Because enterprise foundations lack shareholders, accountability must be ensured through governance and supervision. The Model Law therefore provides for legality supervision by a competent authority, either a court or an administrative body with appropriate business competence. This supervision focuses on compliance with law and charter rather than second-guessing business decisions. The aim is to safeguard legitimacy without undermining entrepreneurial agility. For foundations that benefit from tax privileges linked to public-benefit purposes, such credibility is essential to maintaining public trust.
Enterprise foundations challenge a narrow understanding of philanthropy. Their contribution to society is not limited to grant volumes. By anchoring companies in long-term, purpose-bound ownership, they shape employment patterns, innovation capacity and regional development. In some cases, the economic footprint of the companies they own exceeds their philanthropic distributions by a wide margin.
This does not diminish philanthropy; it broadens its meaning. Foundations can create public value not only by redistributing profits, but by structuring who owns productive assets and under what constraints.

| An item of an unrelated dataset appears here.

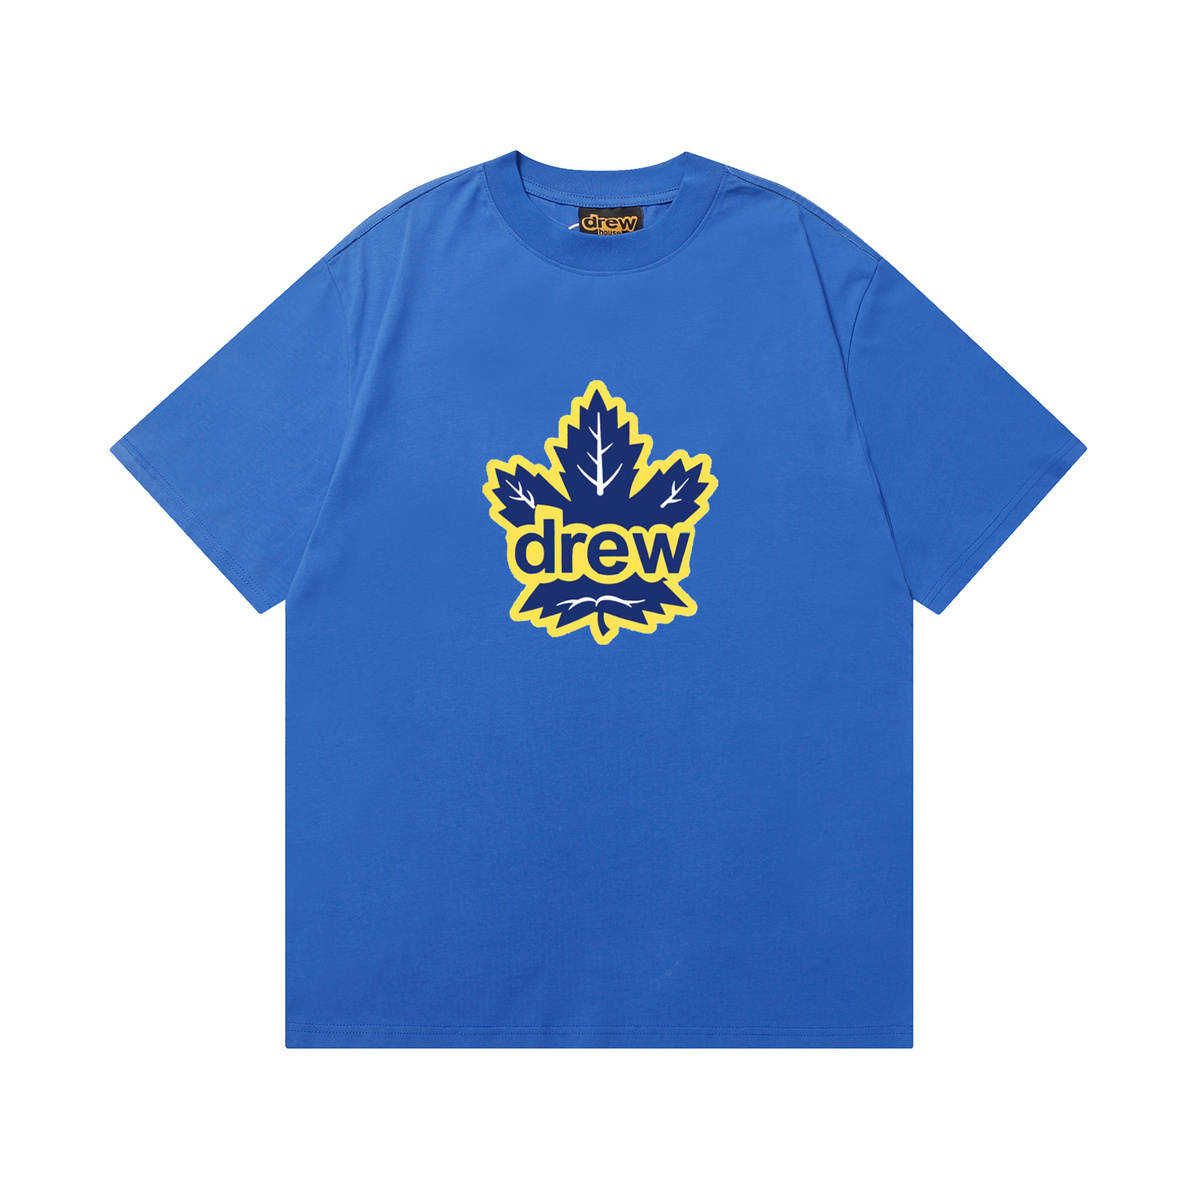 Drew House Maple Leaf T-shirt Navy Blue - Drew House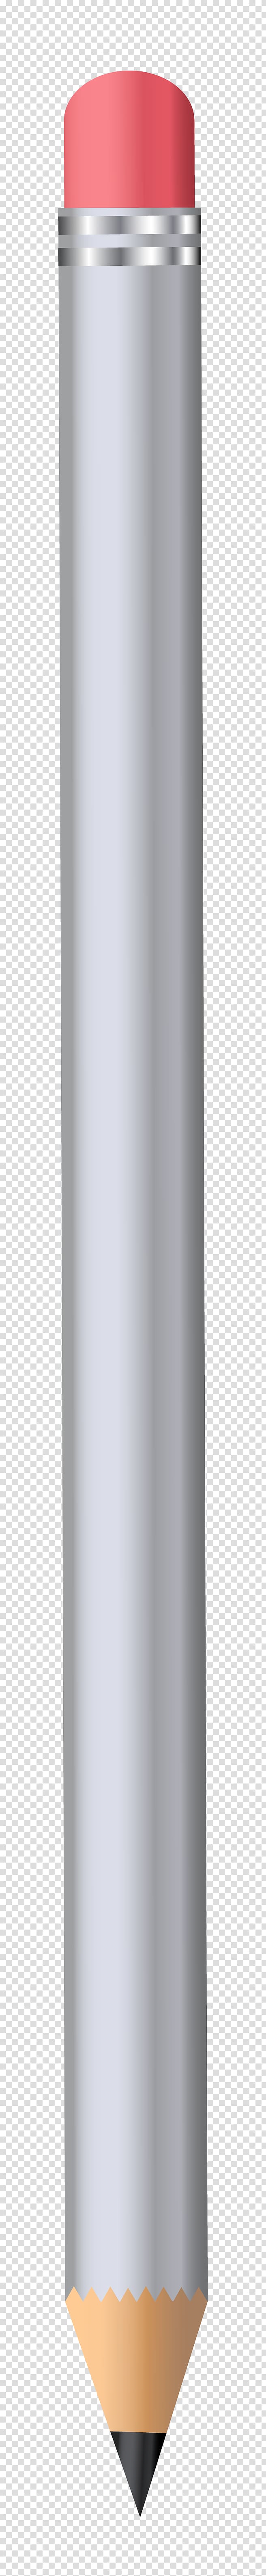 gray pencil illustration, Cylinder Design Product, Silver Pencil transparent background PNG clipart

At a time when Europe faces geopolitical uncertainty, sustainability transitions and debates about competitiveness and resilience, ownership forms matter. Enterprise foundations represent one institutional answer to the question of how capital can be committed to long-term purpose without reliance on either state control or short-term market pressure. They will remain relatively rare, since establishing one requires founders to relinquish private wealth permanently. But where founders choose this path, the legal framework should recognise and facilitate their role as responsible business owners.
The European Enterprise Foundations Model Law provides a coherent framework for doing so. It recognises enterprise foundations as hybrid institutions and offers policymakers a structured set of legislative building blocks adapted to their specific governance challenges. For European philanthropy, this development is strategically significant. If foundations wish to shape systemic change, they must also engage with ownership. Giving is one way to serve society. Owning – responsibly, permanently and purposefully – can be another.